A Polícia Civil de Minas Gerais indiciou um médico de 31 anos suspeito de abusar sexualmente de pelo menos duas pacientes durante a realização de exames de imagem em uma clínica localizada no bairro Santa Efigênia, na região Centro-Sul de Belo Hori

Publicado em 23 de Fevereiro de 2026 às 11:06

Uma das vítimas, de 18 anos, relatou que compareceu à clínica no dia 11 de fevereiro para realizar um exame de imagem do abdômen. Durante o atendimento, o médico teria sugerido, sem solicitação do profissional que a acompanhava, a realização de um ultrassom transvaginal como procedimento complementar. Segundo a delegada responsável pelo caso, durante o exame o suspeito teria introduzido os dedos na parte íntima da paciente sem o uso de luvas e sem fornecer qualquer explicação prévia.

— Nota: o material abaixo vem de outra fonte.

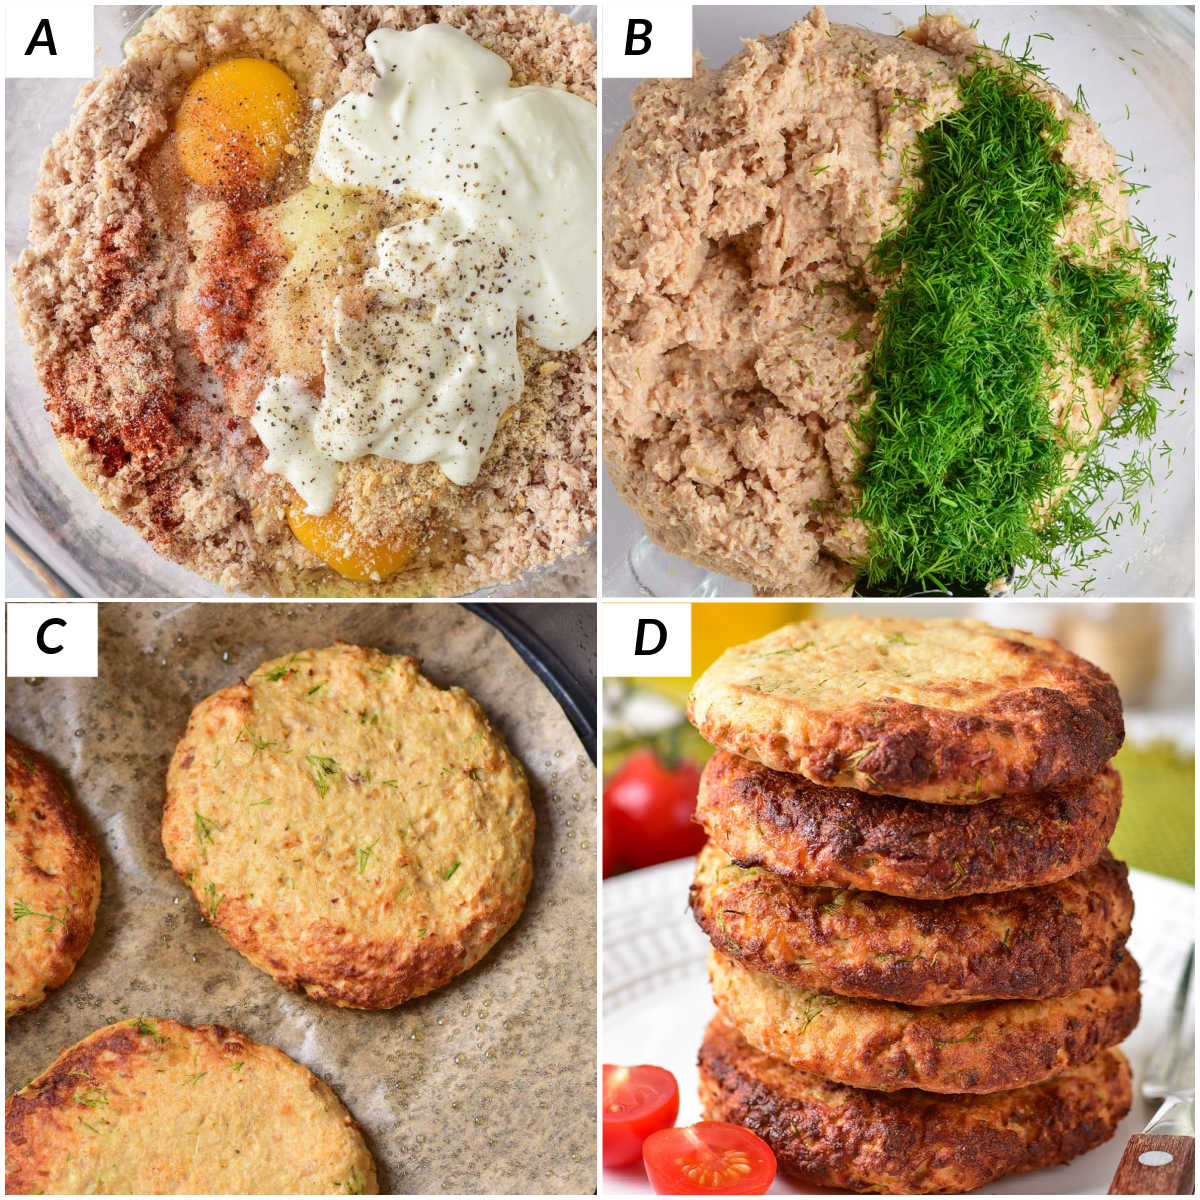 image collage showing the steps for making turkey patties

Ainda de acordo com o relato, o médico teria exposto o órgão genital, feito perguntas de cunho íntimo, utilizado termos inadequados para se referir à paciente e realizado toques sem consentimento. A jovem conseguiu deixar a sala, procurou ajuda imediatamente e acionou a polícia. O médico negou as acusações.

Após a denúncia, o profissional foi preso em flagrante. A prisão foi posteriormente convertida em preventiva por decisão judicial, a pedido da Polícia Civil. As apurações apontaram que o médico extrapolou completamente os limites éticos e técnicos do atendimento médico. Um dos elementos considerados relevantes pela investigação foi o fato de ele não ter apresentado a gravação das imagens do exame transvaginal, procedimento que normalmente é registrado.

Testemunhas que atuam na clínica, incluindo profissionais da equipe e a administração do local, afirmaram que não tinham conhecimento da realização do exame vaginal, ressaltando que, em situações desse tipo, a equipe costuma ser previamente comunicada para dar suporte ao procedimento.

Durante o andamento das investigações, uma segunda denúncia foi formalizada. Outra paciente afirmou que o médico teria adotado conduta semelhante durante um exame realizado em dezembro do ano passado, incluindo o trancamento da porta da sala, perguntas invasivas sobre a vida sexual e toques íntimos sem autorização.

O Conselho Regional de Medicina de Minas Gerais informou, por meio de nota, que todas as denúncias recebidas são apuradas conforme as normas do Código de Processo Ético-Profissional. Já a clínica onde os atendimentos ocorreram declarou que está colaborando com as investigações e afirmou que mantinha com o médico apenas uma relação comercial de cessão de espaço, sem vínculo empregatício.

A defesa do investigado foi procurada, mas não se manifestou até o momento.